A DNS master file format tokenizer.

A token is a (type, value) tuple, where type is an int, and value is a string. The valid types are EOF, EOL, WHITESPACE, IDENTIFIER, QUOTED_STRING, COMMENT, and DELIMITER.
Method Summary
  __init__(self, f)
Initialize a tokenizer instance.
  __iter__(self)
a new object with type S, a subtype of T __new__(S, ...)
(int, string) tuple get(self, want_leading, want_comment)
Get the next token.
string get_eol(self)
Read the next token and raise an exception if it isn't EOL or EOF.
int get_int(self)
Read the next token and interpret it as an integer.
dns.name.Name object get_name(self, origin)
Read the next token and interpret it as a DNS name.
string get_string(self, origin)
Read the next token and interpret it as a string.
int get_uint16(self)
Read the next token and interpret it as a 16-bit unsigned integer.
int get_uint32(self)
Read the next token and interpret it as a 32-bit unsigned integer.
int get_uint8(self)
Read the next token and interpret it as an 8-bit unsigned integer.
(int, string) next(self)
Return the next item in an iteration.
int skip_whitespace(self)
Consume input until a non-whitespace character is encountered.
  unget(self, token)
Unget a token.

Instance Variable Summary
dict delimiters - The current delimiter dictionary.
bool eof - This variable is true if the tokenizer has encountered EOF.
file file - The file tokenize
int multiline - The current multiline level.
bool quoting - This variable is true if the tokenizer is currently reading a quoted string.
string ungotten_char - The most recently ungotten character, or None.
string ungotten_token - The most recently ungotten token, or None.

Method Details

__init__(self, f=<epydoc.imports._DevNull instance at 0x...)
(Constructor)

Initialize a tokenizer instance.
Parameters:
f - The file to tokenize. The default is sys.stdin. This parameter may also be a string, in which case the tokenizer will take its input from the contents of the string.
           (type=file or string)

__new__(S, ...)

Returns:
a new object with type S, a subtype of T

get(self, want_leading=0, want_comment=0)

Get the next token.
Parameters:
want_leading - If True, return a WHITESPACE token if the first character read is whitespace. The default is False.
           (type=bool)
want_comment - If True, return a COMMENT token if the first token read is a comment.

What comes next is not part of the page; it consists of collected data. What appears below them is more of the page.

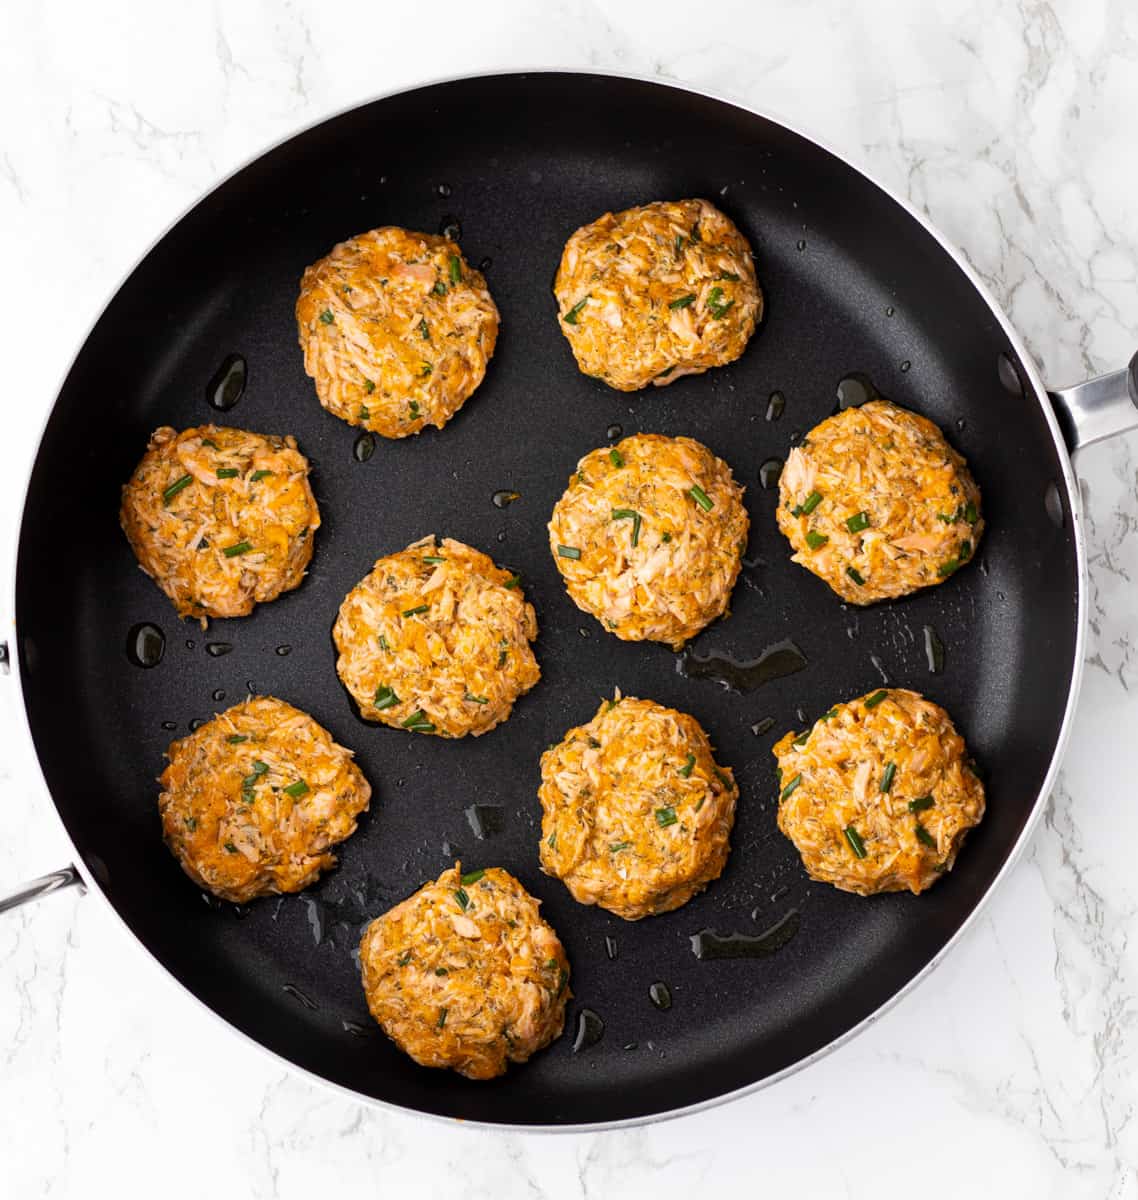 Salmon cakes cooking in a skillet.
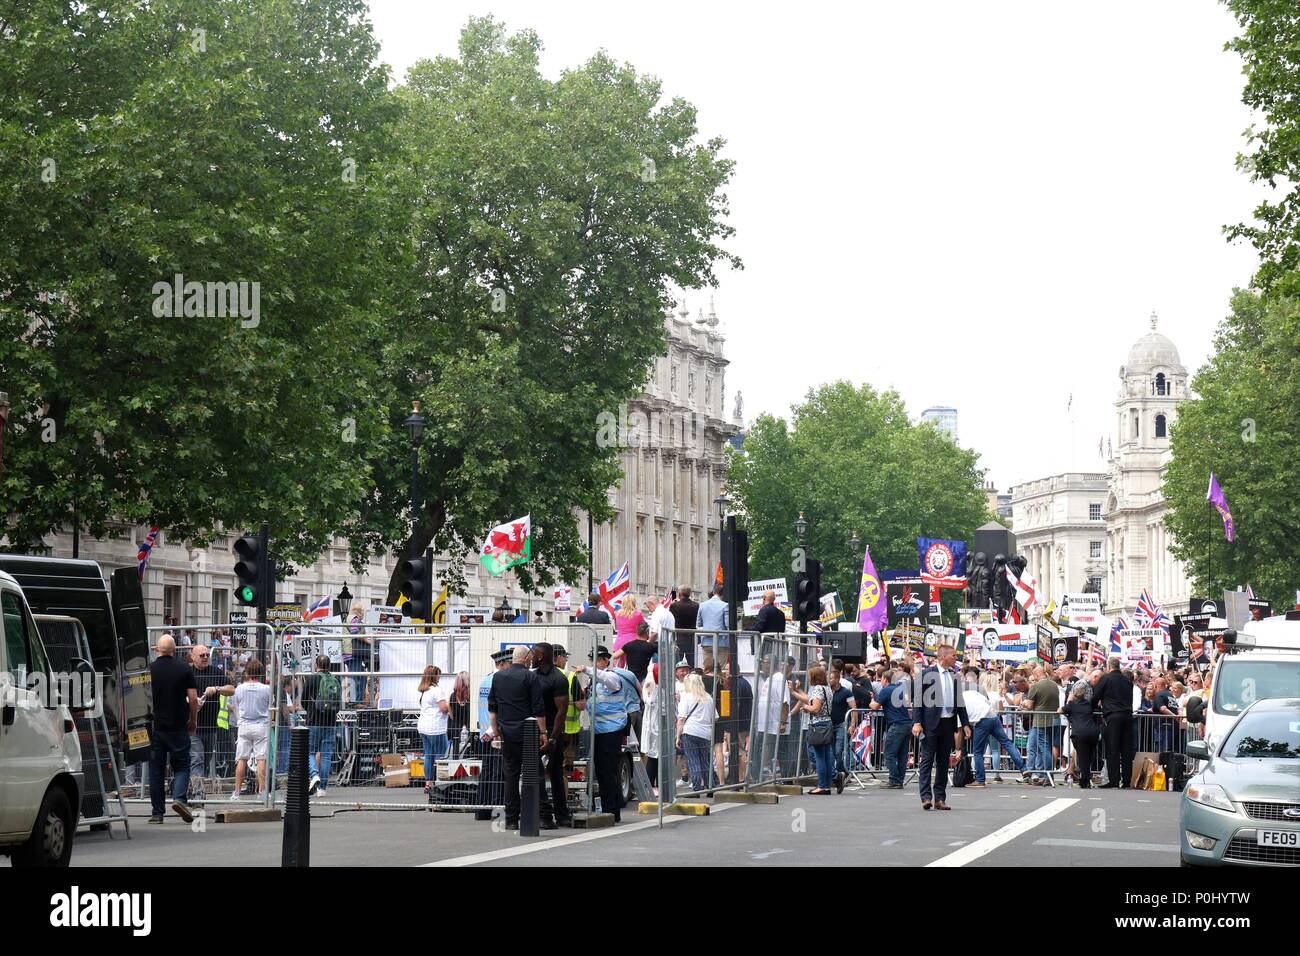 London, UK. 9th June 2018. Free Tommy Robinson March in London, UK with thousands of people marching and waving flags and plaques, police also in attendance at this event with riot wear. Credit: Michelle Bridges/Alamy Live News Stock Photo
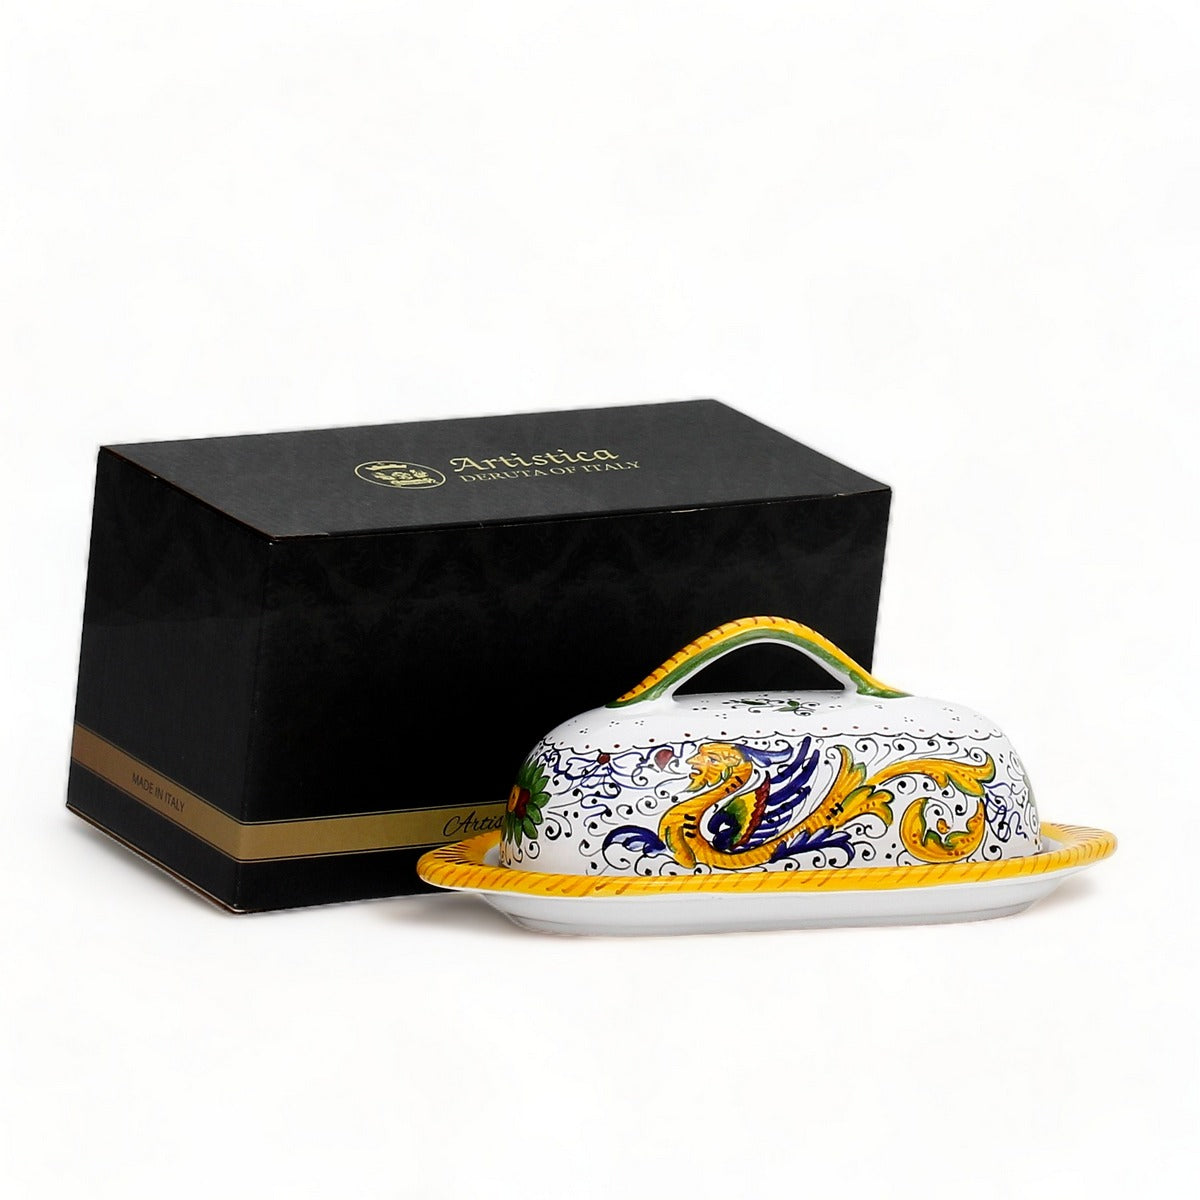 GIFT BOX: With authentic Deruta hand painted ceramic - Butter Dish with cover Raffaellesco Design

The default is False.
           (type=bool)
Returns:
(int, string) tuple
Raises:
dns.exception.UnexpectedEnd - input ended prematurely
dns.exception.SyntaxError - input was badly formed

get_eol(self)

Read the next token and raise an exception if it isn't EOL or EOF.
Returns:
string
Raises:
dns.exception.SyntaxError -

get_int(self)

Read the next token and interpret it as an integer.
Returns:
int
Raises:
dns.exception.SyntaxError -

get_name(self, origin=None)

Read the next token and interpret it as a DNS name.
Returns:
dns.name.Name object
Raises:
dns.exception.SyntaxError -

get_string(self, origin=None)

Read the next token and interpret it as a string.
Returns:
string
Raises:
dns.exception.SyntaxError -

get_uint16(self)

Read the next token and interpret it as a 16-bit unsigned integer.
Returns:
int
Raises:
dns.exception.SyntaxError -

get_uint32(self)

Read the next token and interpret it as a 32-bit unsigned integer.
Returns:
int
Raises:
dns.exception.SyntaxError -

get_uint8(self)

Read the next token and interpret it as an 8-bit unsigned integer.
Returns:
int
Raises:
dns.exception.SyntaxError -

next(self)

Return the next item in an iteration.
Returns:
(int, string)

skip_whitespace(self)

Consume input until a non-whitespace character is encountered.

The non-whitespace character is then ungotten, and the number of whitespace characters consumed is returned.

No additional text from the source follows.